Now that you have begun saving for retirement, life’s become a whole lot simpler. Knowing that you have prepared for tomorrow, you can live for today! What now? Make sure that your future is keeping up with your present, by regularly reviewing and managing your account.

At least two times a year, be sure to compare your current asset allocation to your investment strategy and re-balance your portfolio as necessary. Did you intend to have 60% of your funds in stocks, 30% of your funds in bonds, and the remaining 10% in cash equivalents? Well, over time, your asset allocation can drift away from your original strategy as one type of investment out-performs another. For example, if the value of your stock funds grows more rapidly than the value of your bond or cash funds, then you may find that over time 70% of your current holding is invested in stocks, rather than the 60% you intended. Your portfolio may now be more aggressive or risky than you intend. You can correct this asset allocation drift and re-establish your original investment strategy, by regularly re-balancing your account. You may re-balance your account online by logging in to your account and following the links to “Rebalance Portfolio”.
Remember that quiz you took that suggested you were an Aggressive Investor? Well, you’re not 25 anymore. Now that you have fewer years until retirement, you may find that you no longer have the investment horizon to weather the ups and downs of the market. As you near retirement, you may want to have a larger percentage of your funds invested in more conservative funds like balanced funds, bond funds or cash equivalents. Regardless of your circumstances, time changes a lot of things including your investment profile. Make sure that you regularly review your portfolio to make sure that your asset allocation reflects your current tolerance for risk.
Have you had a major life change? Did you get married, divorced, or maybe you had children? Be sure that your beneficiary designation is up to date, reflecting your current life circumstances. You can update your beneficiary designation easily online by logging into your account and following the links to “Beneficiaries”. Remember, if you designate a beneficiary other than your spouse, your spouse’s notarized signature is required to validate your beneficiary designation.
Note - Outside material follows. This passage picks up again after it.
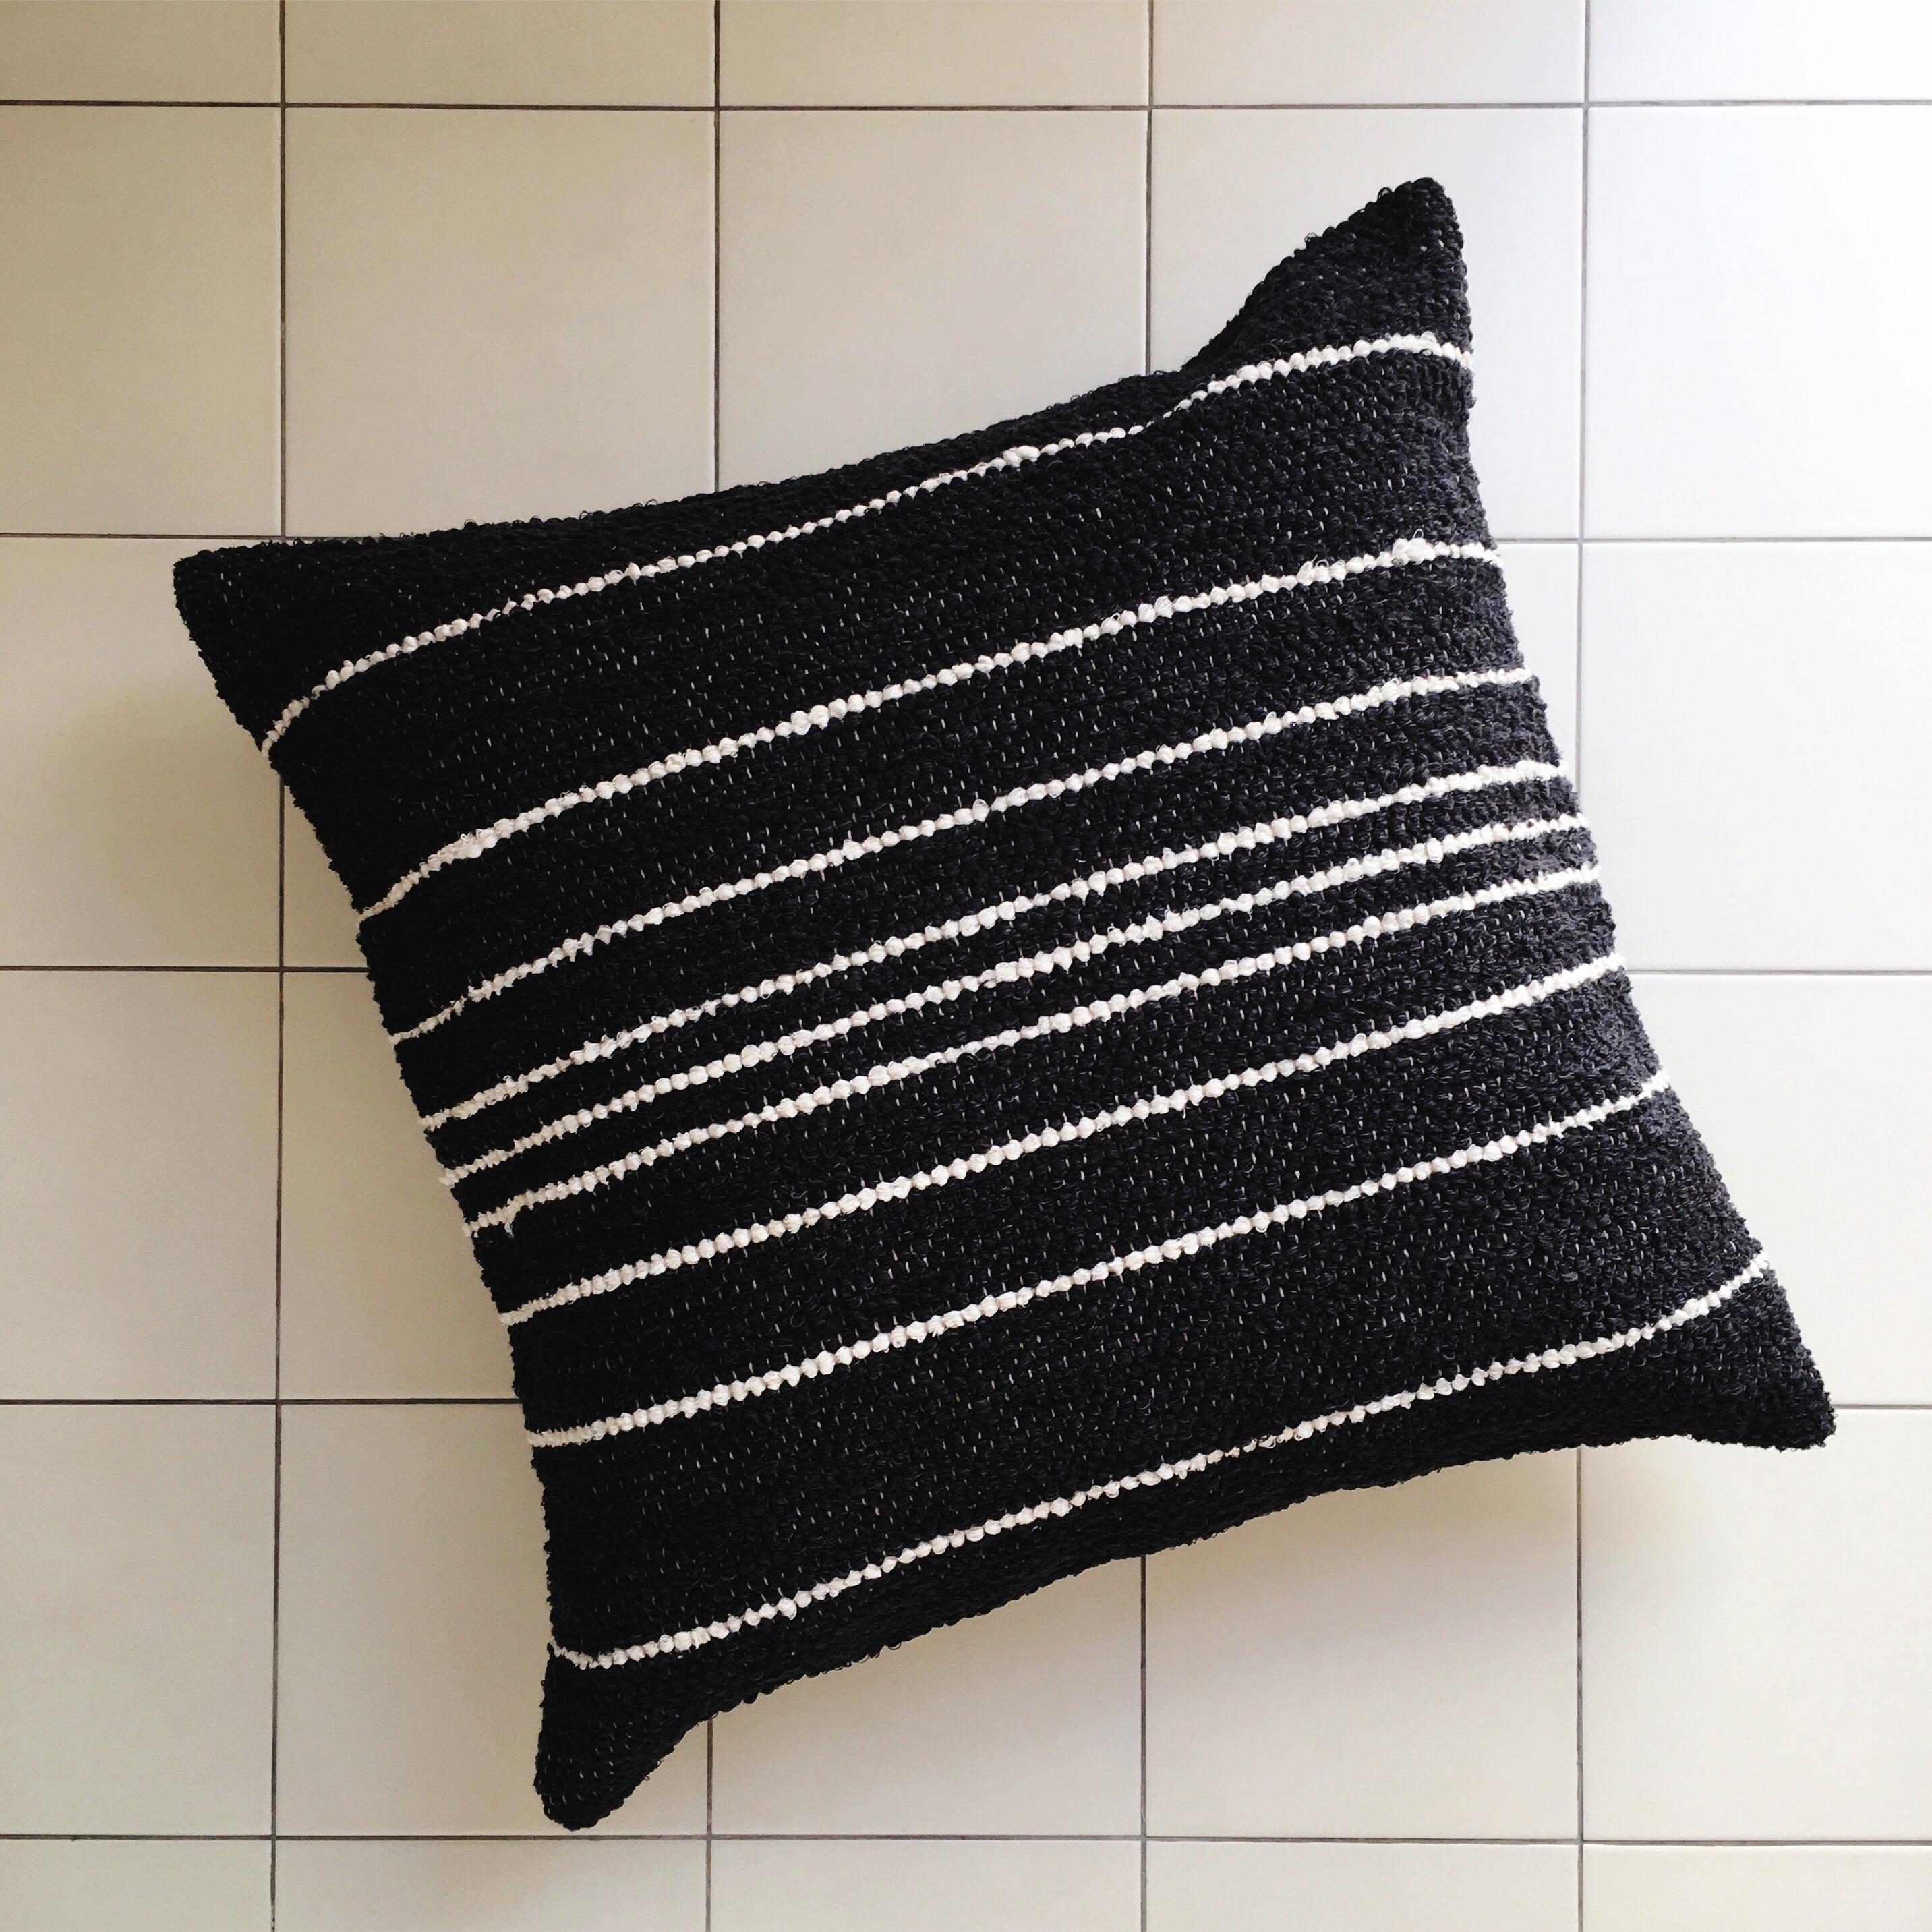 Great, bold, graphic striped pillow handmade of 100% cotton in one of the mother countries, Portugal. This large comfy throw pillow feels soft yet substantial and has a lovely texture.

Size: 24

Be sure to regularly review your paychecks and your retirement plan statements to make sure that your contribution amount is correct. At least annually, review your contribution percentage. When you get a raise, consider using part of the raise to increase your contribution percentage. Are you saving enough to live your retirement dreams?
When you retire or change jobs, you can take a distribution from your account. You may take a cash distribution or rollover your funds to an individual retirement account (IRA) or to your new employer’s qualified plan. If you receive a cash distribution, your distribution is subject to a 20% mandatory withholding for federal income taxes. A 10% tax penalty may also apply if you are under 59 ½ years old. If you rollover your funds to a qualified plan or IRA, you will continue to defer paying taxes on your account balance. To request a distribution, login to your account and download a distribution form by following the links to “Forms” or request an online termination distribution by following the links to “Termination”.